- **WORK TO BE COMPLETED**: Transcribe word for word each line from the one containing "Persona 3 Portable Wallpaper Persona 3 spri…" to the final line of the data, both included. Skip the pictures.

- **DATASET CONTENT**:
--
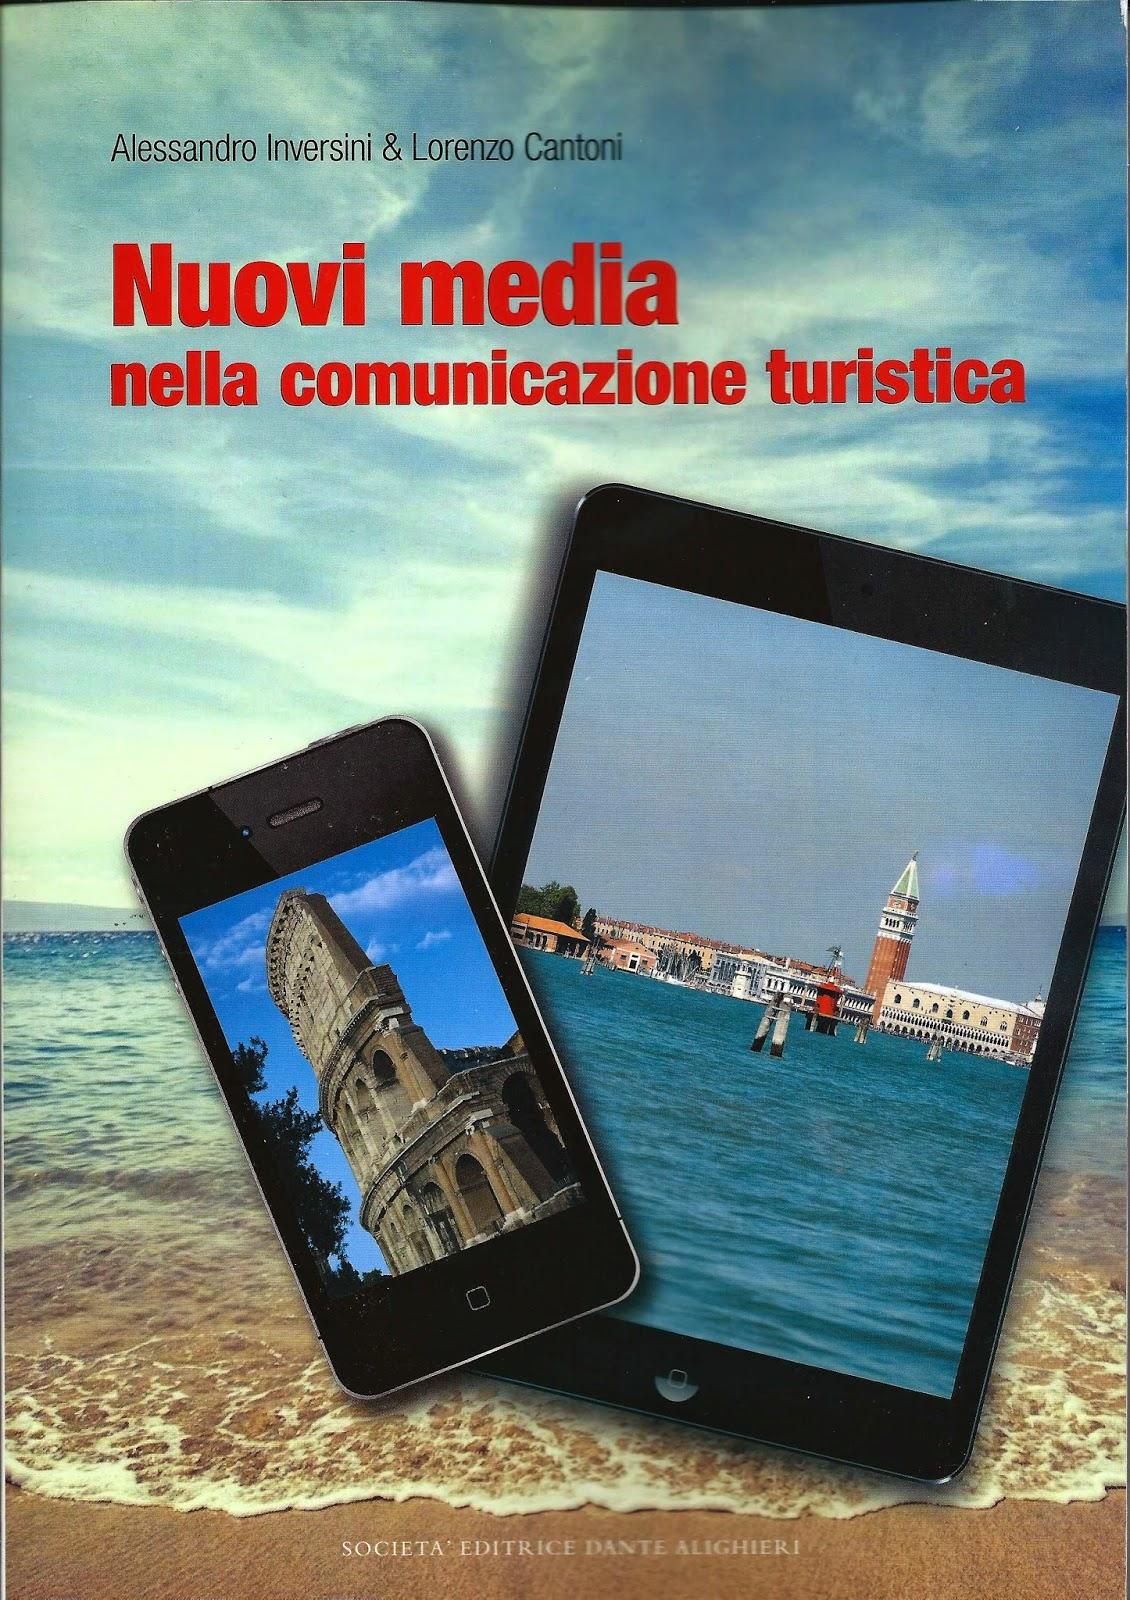 Nuovi media nella comunicazione turistica
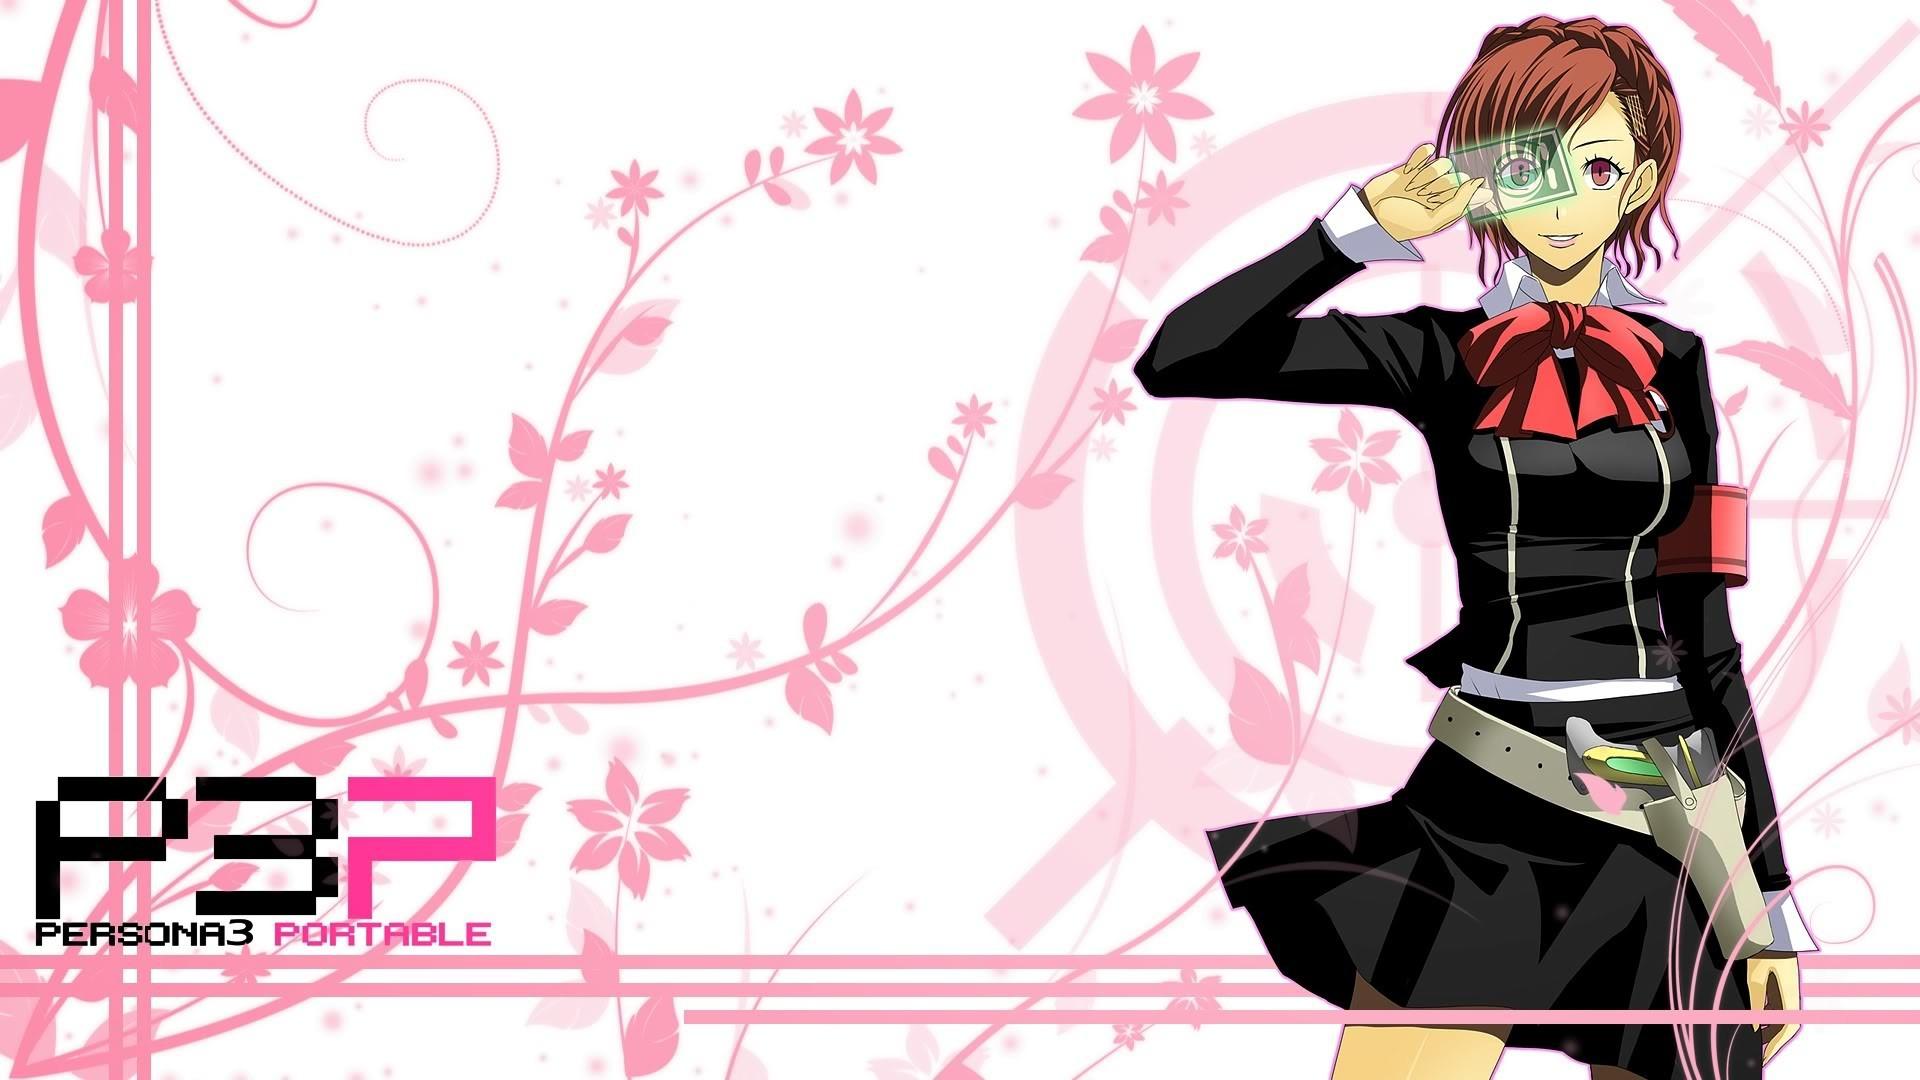 Persona 3 Portable Wallpaper Persona 3 spri…
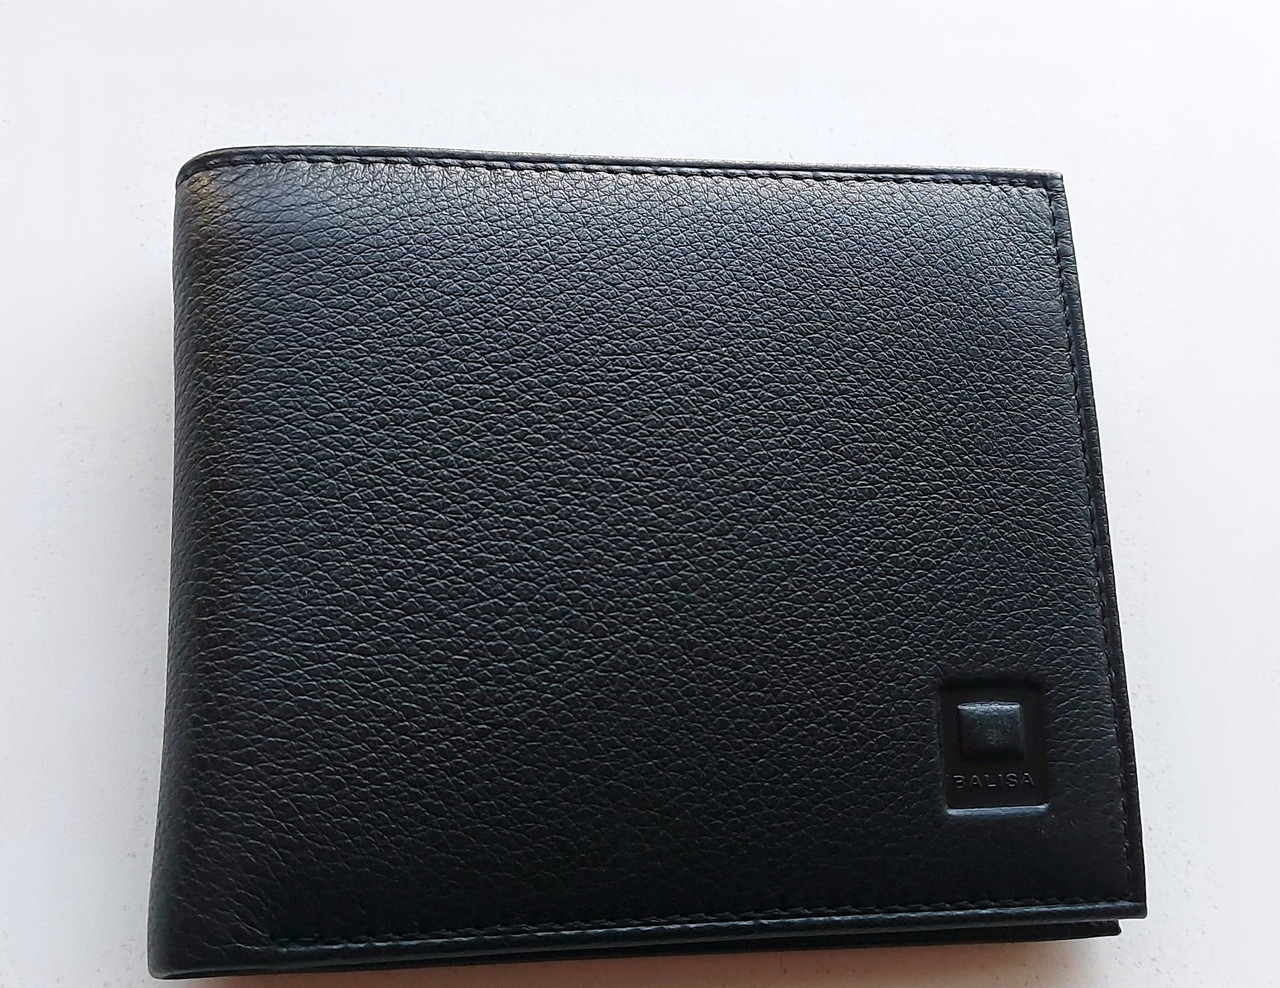 Мужское кожаное портмоне BA 6-10 black, купить мужское портмоне Balisa недорого в Украине
--
- **OUTPUT BELOW**:
 Persona 3 Portable Wallpaper Persona 3 spri…
 Мужское кожаное портмоне BA 6-10 black, купить мужское портмоне Balisa недорого в Украине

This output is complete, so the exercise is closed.